As our dataset is imbalanced we are using a concept of weighted class in fitting the model.

In [None]:
# Adjusting the run_logistic_regression function to handle class imbalance by adding class_weight='balanced'

def run_logistic_regression_balanced(df ,features, target='TARGET'):
    # 1. Train Test split
    X_train, X_test, y_train, y_test = train_test_split(df[features], df[target], test_size=0.3, random_state=42)

    # 2. Normalize the data
    scaler = StandardScaler()
    X_train_scaled = scaler.fit_transform(X_train)
    X_test_scaled = scaler.transform(X_test)

    # 3. Fit the model with class_weight='balanced'
    model = LogisticRegression(random_state=42, class_weight='balanced')
    model.fit(X_train_scaled, y_train)

    # Predictions
    y_pred = model.predict(X_test_scaled)

    # 4. Return the metrics
    metrics = {
        'accuracy': accuracy_score(y_test, y_pred),
        'precision': precision_score(y_test, y_pred),
        'recall': recall_score(y_test, y_pred),
        'f1': f1_score(y_test, y_pred),
        'roc_auc': roc_auc_score(y_test, model.predict_proba(X_test_scaled)[:, 1])
    }

    return metrics



In [None]:
df_copy.head(2)

In [None]:
# Define a function that compares the three models with balanced class weights and picks the best one based on a given metric
def compare_models_balanced(df, metric='roc_auc'):

  features_set_1 = ['age','loyalty', 'lor_M']
  features_set_2 = ['prod_A','prod_B', 'turnover_A','turnover_B']
  features_set_3 = ['prod_A','prod_B', 'age','loyalty']


  metrics_1 = run_logistic_regression_balanced(df, features_set_1)
  metrics_2 = run_logistic_regression_balanced(df,features_set_2)
  metrics_3 = run_logistic_regression_balanced(df,features_set_3)

  print("Model 1\t")
  print("Features: ",features_set_1)
  print("Metrics: ",metrics_1[metric])

  print("Model 2\t")
  print("Features: ",features_set_2)
  print("Metrics: ",metrics_2[metric])

  print("Model 3\t")
  print("Features: ",features_set_3)
  print("Metrics: ",metrics_3[metric])


  # Compare the models based on the specified metric
  best_metrics = max(metrics_1[metric], metrics_2[metric], metrics_3[metric])

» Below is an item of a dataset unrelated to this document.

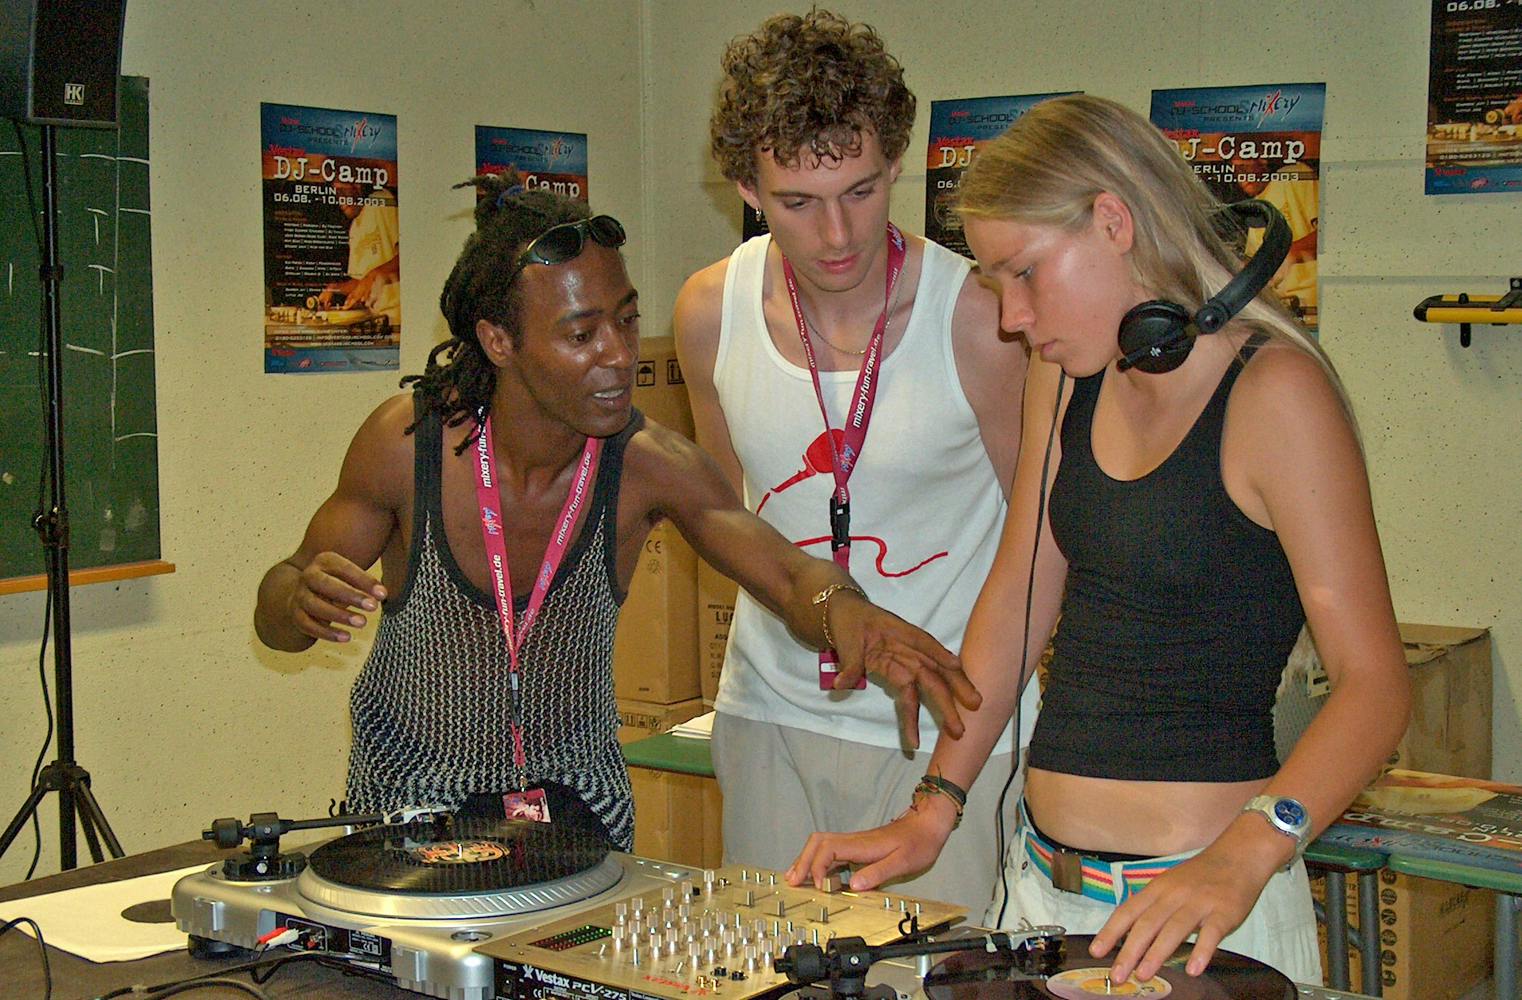 Discjockey-Workshop | in 4 Phasen à 30 Minuten zum DJ

  if best_metrics == metrics_1[metric]:
      best_model = 'Model 1'
      best_features = features_set_1
  elif best_metrics == metrics_2[metric]:
      best_model = 'Model 2'
      best_features = features_set_2
  else:
      best_model = 'Model 3'
      best_features = features_set_3


  print("\nBest Model \t")
  print(best_model)
  print("Features: ",best_features)
  print("Metrics: ",best_metrics)


  return best_model, best_features, best_metrics


# **Model Selection**

In [None]:

# Run the comparison of models with balanced class weights
best_model_balanced, best_features_balanced, best_metrics_balanced = compare_models_balanced(df_copy)

Based on comparing the 3 models we picked the model 2, considering the best roc_auc score.

# Conclusion

In conclusion, we have successfully prepared a model for the data science assignment. We started by cleaning the data and removing duplicates, followed by performing exploratory data analysis (EDA) and feature selection. We built three logistic regression models, each focusing on different sets of categories: demographic, product purchase, and a combination of both. After comparing the metrics of the three models using the ROC-AUC metric, we selected the best model, which is model 2. This model showed the highest performance based on our evaluation criteria.